I haven't been a complete hermit. I do need to leave the house on a daily basis for my Mom's Taxi Service duties. The pediatrician's office has seen me with at least one kid on a weekly basis, sometimes more. I've met with friends a few times, and even had a pretty major date night with Chris on his birthday. I've got plans for this coming weekend too, and I'll be glad to get out of the house, despite the challenge of getting motivated to do it. It's not just about leaving the house, though. It's also about doing things, even everyday things like laundry and exercising. When I have a rare instance of gung ho enthusiasm, I am more often than not hindered by a sick, clingy baby who just wants to be held (and held...and held....).  Okay, I'll admit she always wants to be held pretty much constantly, but when she's not sick I don't feel as guilty about letting her fuss for a few while I get stuff done.

So here are some of the things I would like to do, if I weren't held back by winter blah's and involuntary attachment parenting.

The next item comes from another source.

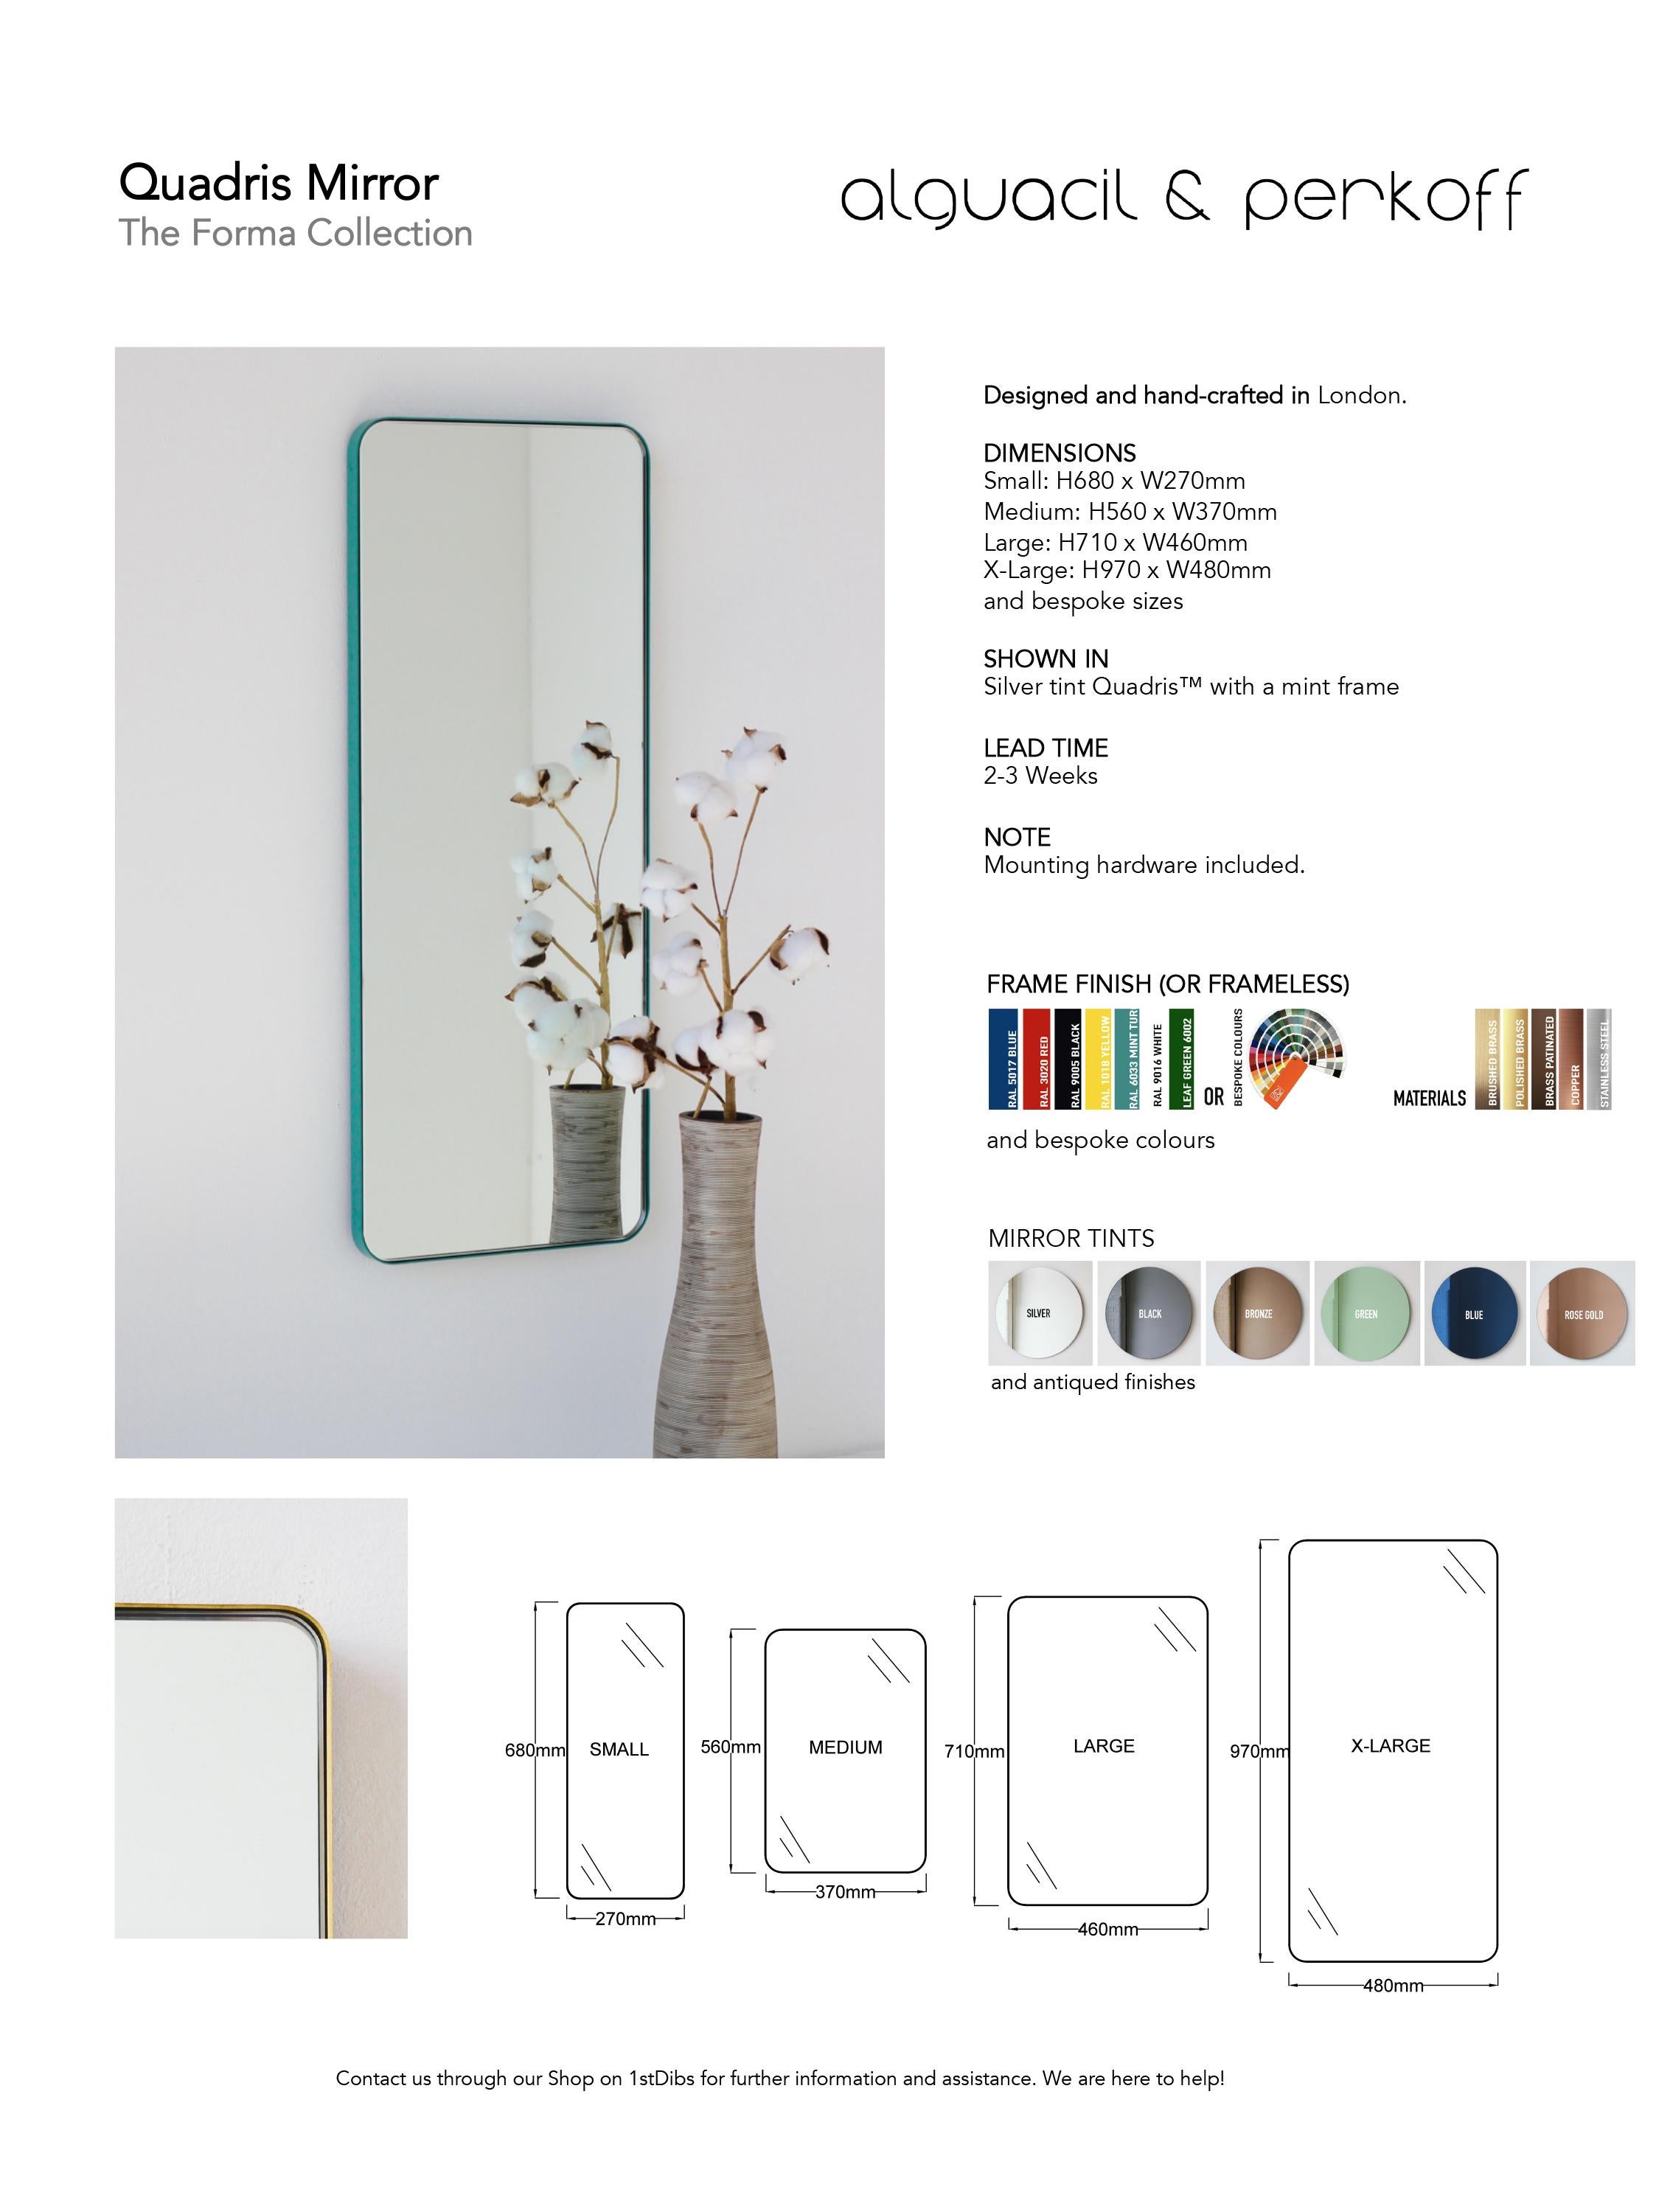 Quadris Rose Gold Rectangular Frameless Modern Mirror, Medium For Sale 3

I would like to get some use out of my gym membership, or at least find time to work out at home every day. I would like to see my friends more. I would like to volunteer to help with my church's McWarm program (they invite the homeless into the church three days a week for meals, clean clothes, showers, etc.). I would like to go the library. I would like to make curtains for my bedroom. I would like to conquer the laundry. I would like to browse Macy's and try on clothes. I would like to pick up a few things at IKEA and eat meatballs for lunch while I'm at it. I would like to take the kids to Cranbrooke or the DIA or the Science Center. None of these are lofty goals, but I feel so tired thinking about any of them.